From: | Bertrand Drouvot <bertranddrouvot(dot)pg(at)gmail(dot)com> |
---|---|
To: | Bharath Rupireddy <bharath(dot)rupireddyforpostgres(at)gmail(dot)com> |
Cc: | shveta malik <shveta(dot)malik(at)gmail(dot)com>, Amit Kapila <amit(dot)kapila16(at)gmail(dot)com>, Nathan Bossart <nathandbossart(at)gmail(dot)com>, PostgreSQL Hackers <pgsql-hackers(at)lists(dot)postgresql(dot)org> |
Subject: | Re: Introduce XID age and inactive timeout based replication slot invalidation |
Date: | 2024-03-28 09:43:44 |
Message-ID: | ZgU70MjdOfO6l0O0@ip-10-97-1-34.eu-west-3.compute.internal |
Views: | Raw Message | Whole Thread | Download mbox | Resend email |
Thread: | |
Lists: | pgsql-hackers |
Hi,
On Wed, Mar 27, 2024 at 09:00:37PM +0530, Bharath Rupireddy wrote:
> standby for sync slots. 0002 implementing inactive timeout GUC based
> invalidation mechanism.
>
> Please have a look.
Thanks!
Regarding 0002:
Some testing:
T1 ===
When the slot is invalidated on the primary, then the reason is propagated to
the sync slot (if any).

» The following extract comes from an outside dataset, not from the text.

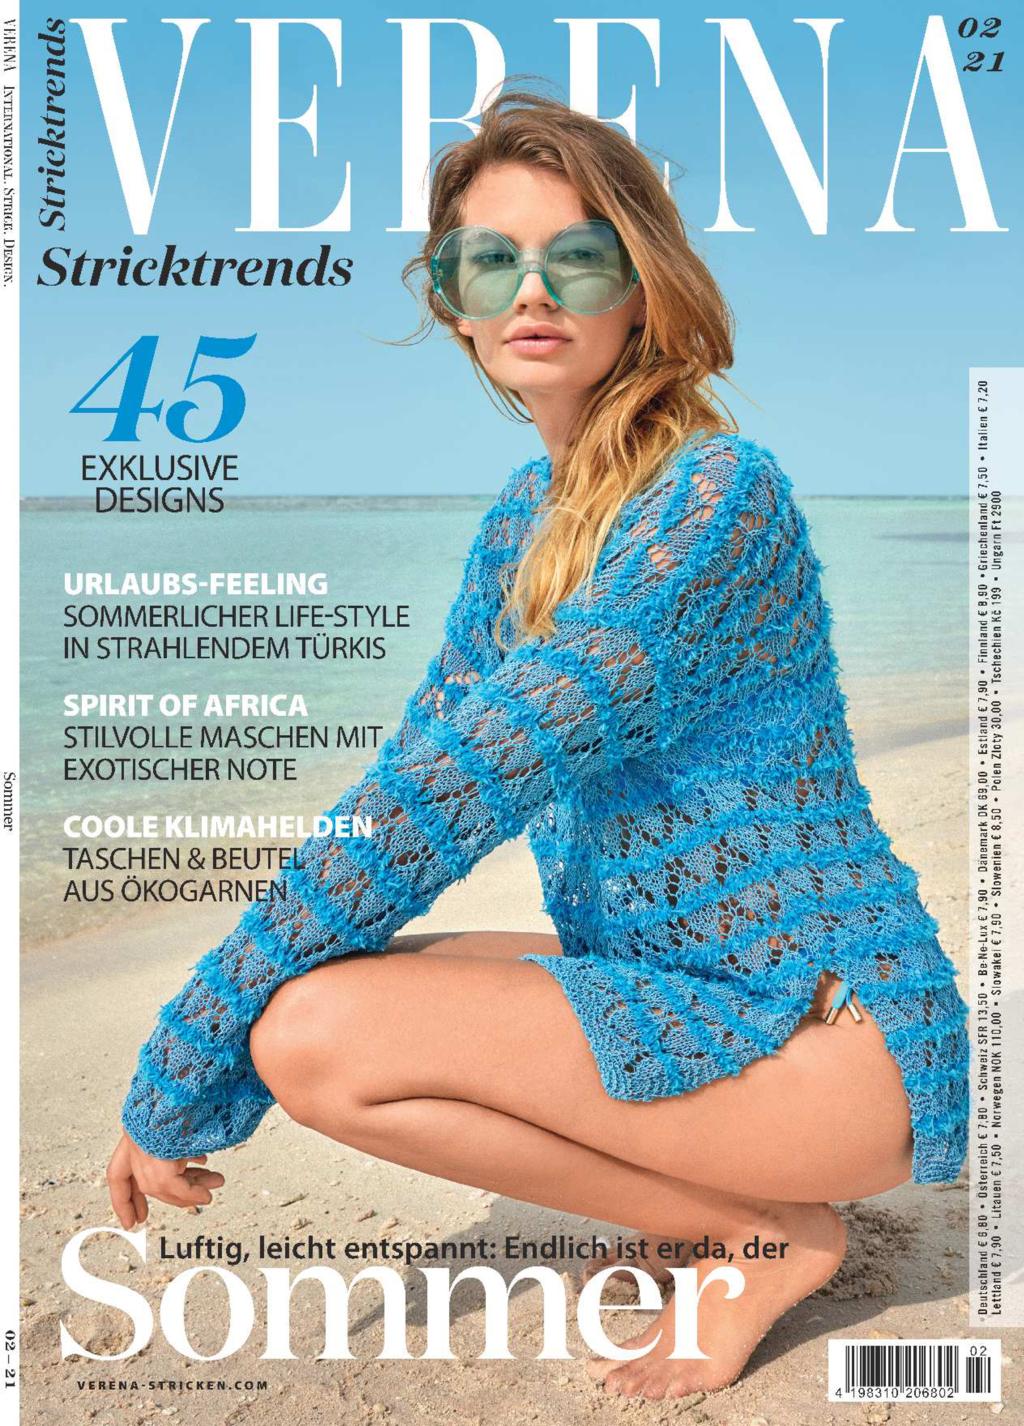 E-Paper: Verena Stricktrends 02/2021 - Sommer!

That's fine but we are loosing the inactive_since on the
standby:
Primary:
postgres=# select slot_name,inactive_since,conflicting,invalidation_reason from pg_replication_slots where slot_name='lsub29_slot';
slot_name | inactive_since | conflicting | invalidation_reason
-------------+-------------------------------+-------------+---------------------
lsub29_slot | 2024-03-28 08:24:51.672528+00 | f | inactive_timeout
(1 row)
Standby:
postgres=# select slot_name,inactive_since,conflicting,invalidation_reason from pg_replication_slots where slot_name='lsub29_slot';
slot_name | inactive_since | conflicting | invalidation_reason
-------------+----------------+-------------+---------------------
lsub29_slot | | f | inactive_timeout
(1 row)
I think in this case it should always reflect the value from the primary (so
that one can understand why it is invalidated).
T2 ===
And it is set to a value during promotion:
postgres=# select pg_promote();
pg_promote
------------
t
(1 row)
postgres=# select slot_name,inactive_since,conflicting,invalidation_reason from pg_replication_slots where slot_name='lsub29_slot';
slot_name | inactive_since | conflicting | invalidation_reason
-------------+------------------------------+-------------+---------------------
lsub29_slot | 2024-03-28 08:30:11.74505+00 | f | inactive_timeout
(1 row)
I think when it is invalidated it should always reflect the value from the
primary (so that one can understand why it is invalidated).
T3 ===
As far the slot invalidation on the primary:
postgres=# SELECT * FROM pg_logical_slot_get_changes('lsub29_slot', NULL, NULL, 'include-xids', '0');
ERROR: cannot acquire invalidated replication slot "lsub29_slot"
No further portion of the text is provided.